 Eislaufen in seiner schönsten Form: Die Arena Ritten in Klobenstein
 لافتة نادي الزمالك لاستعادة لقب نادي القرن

--

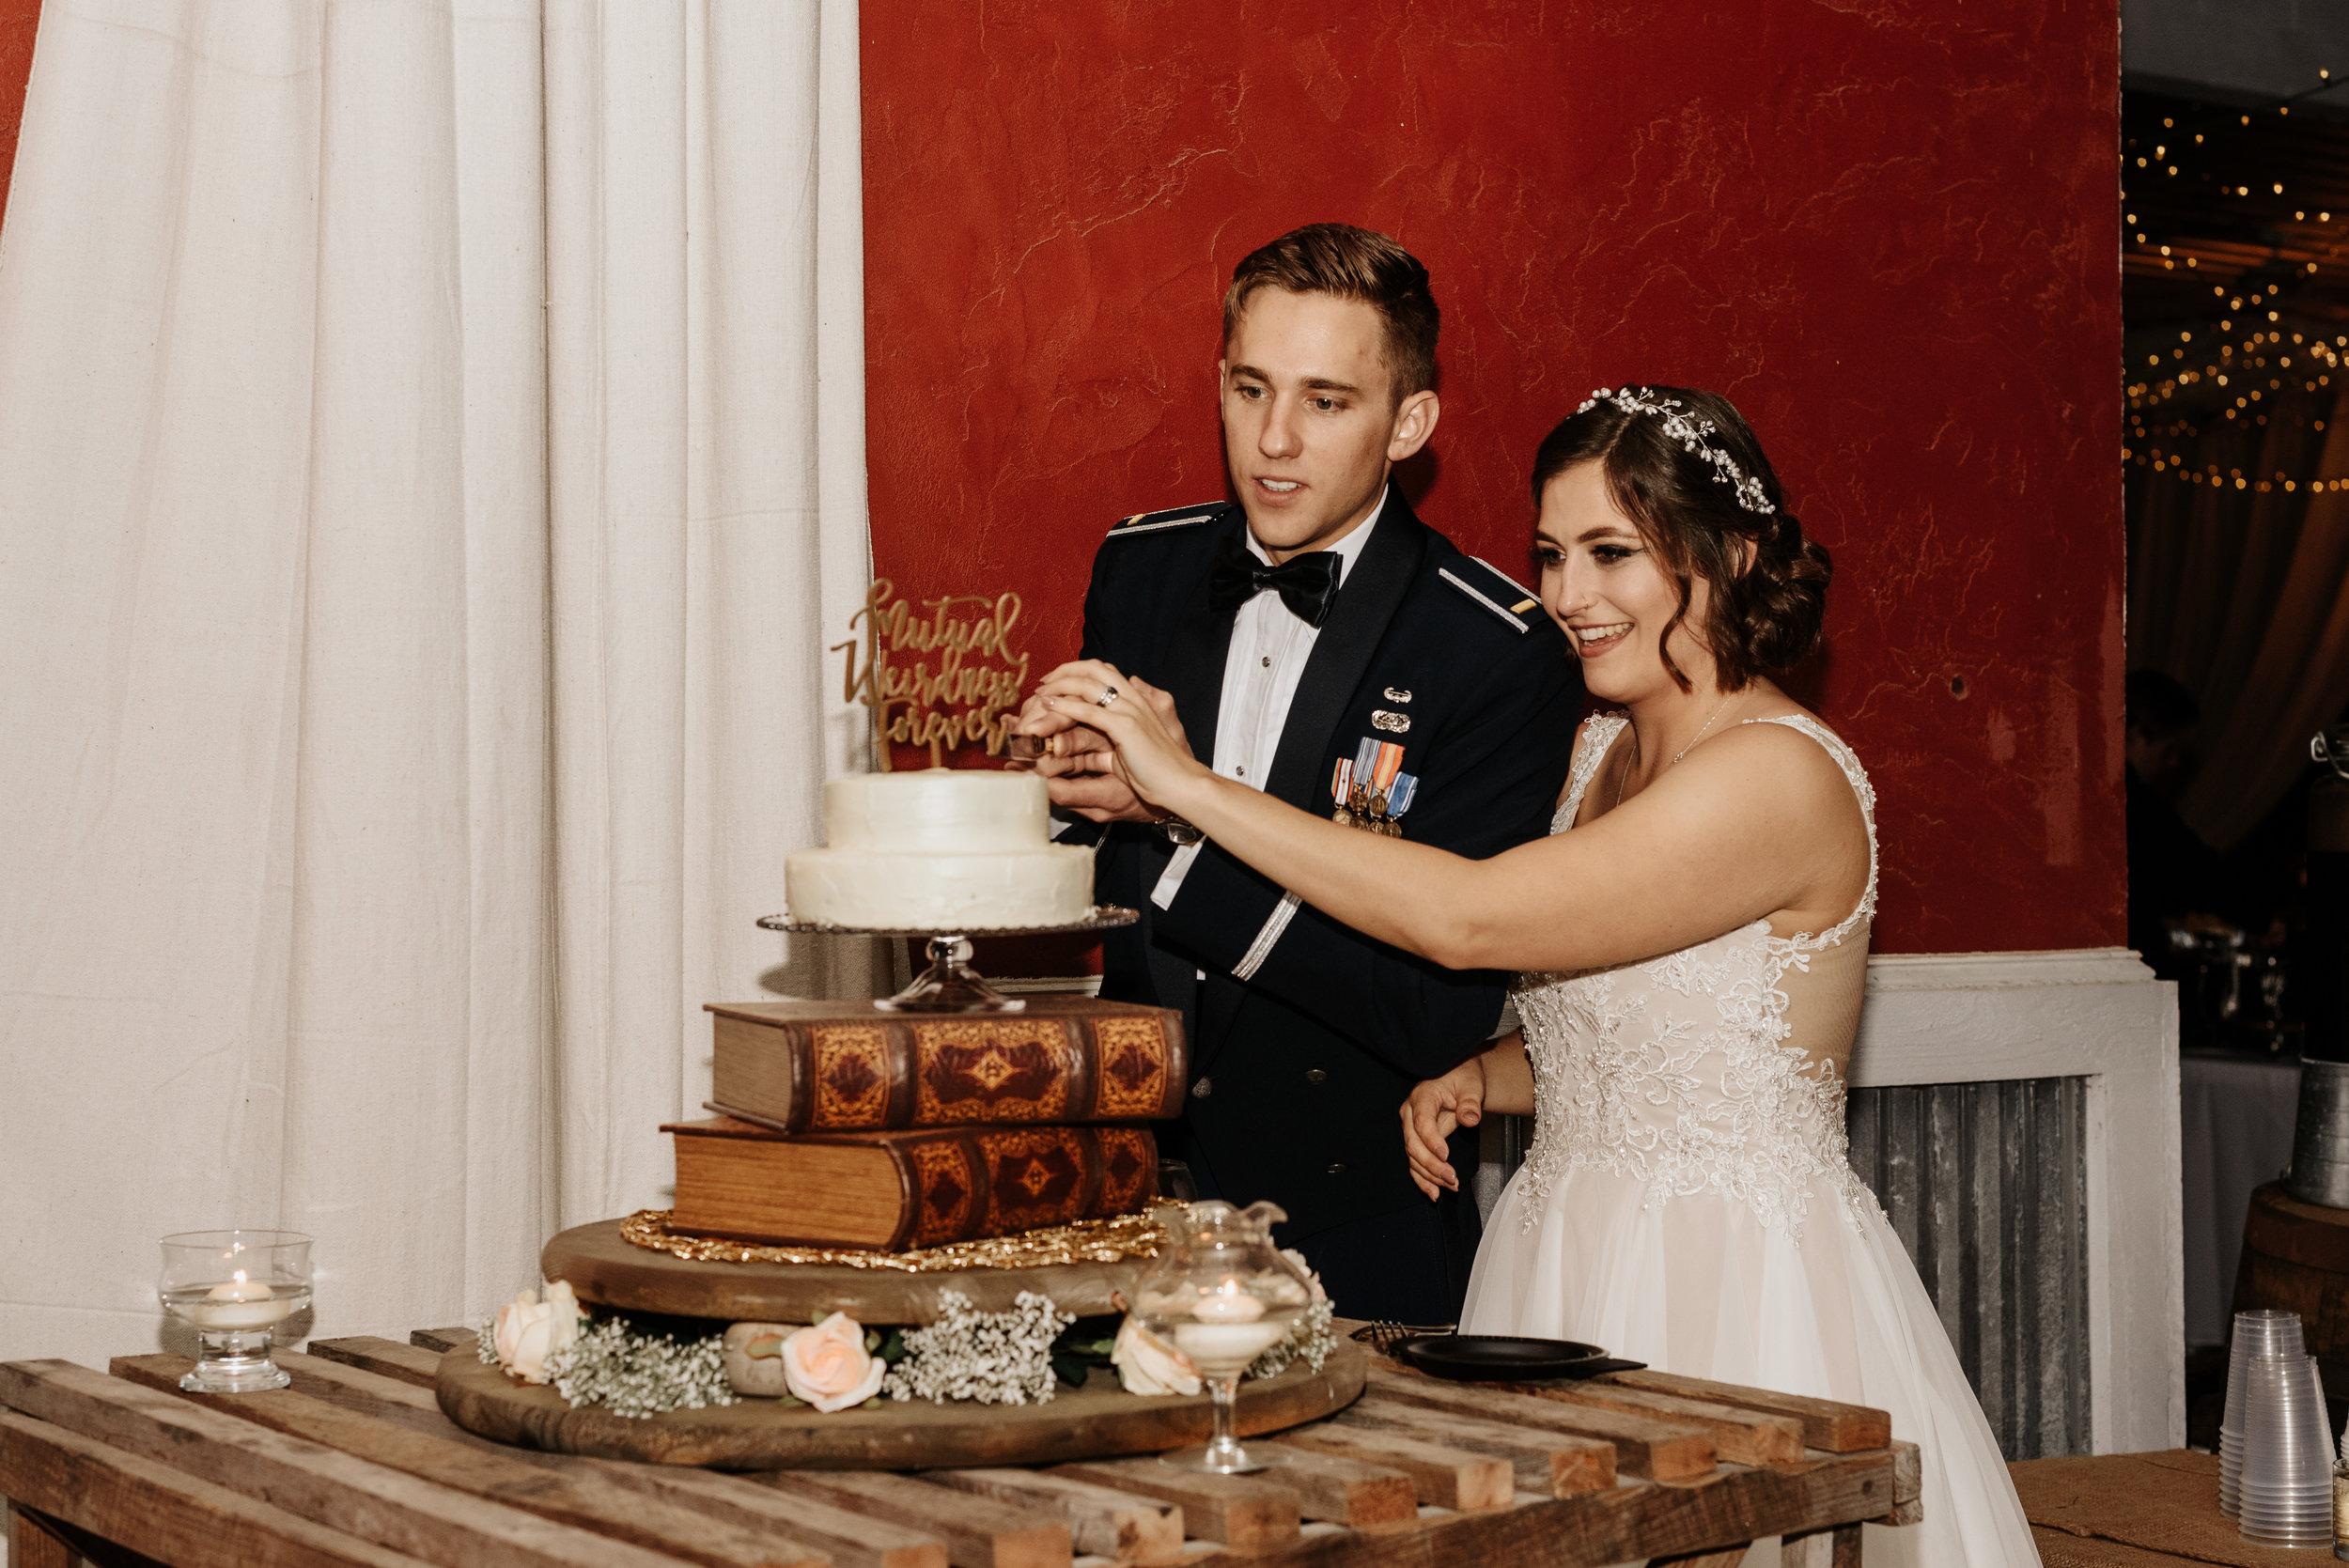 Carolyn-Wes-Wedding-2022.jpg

# Task to carry out:
Transcribe, exactly and without additions, the lines of the records above, beginning with the line that contains "Eislaufen in seiner" and ending with the line that contains "لافتة نادي الزمالك لاستعادة لقب نادي القرن", both included.

# Written solution:
 Eislaufen in seiner schönsten Form: Die Arena Ritten in Klobenstein
 لافتة نادي الزمالك لاستعادة لقب نادي القرن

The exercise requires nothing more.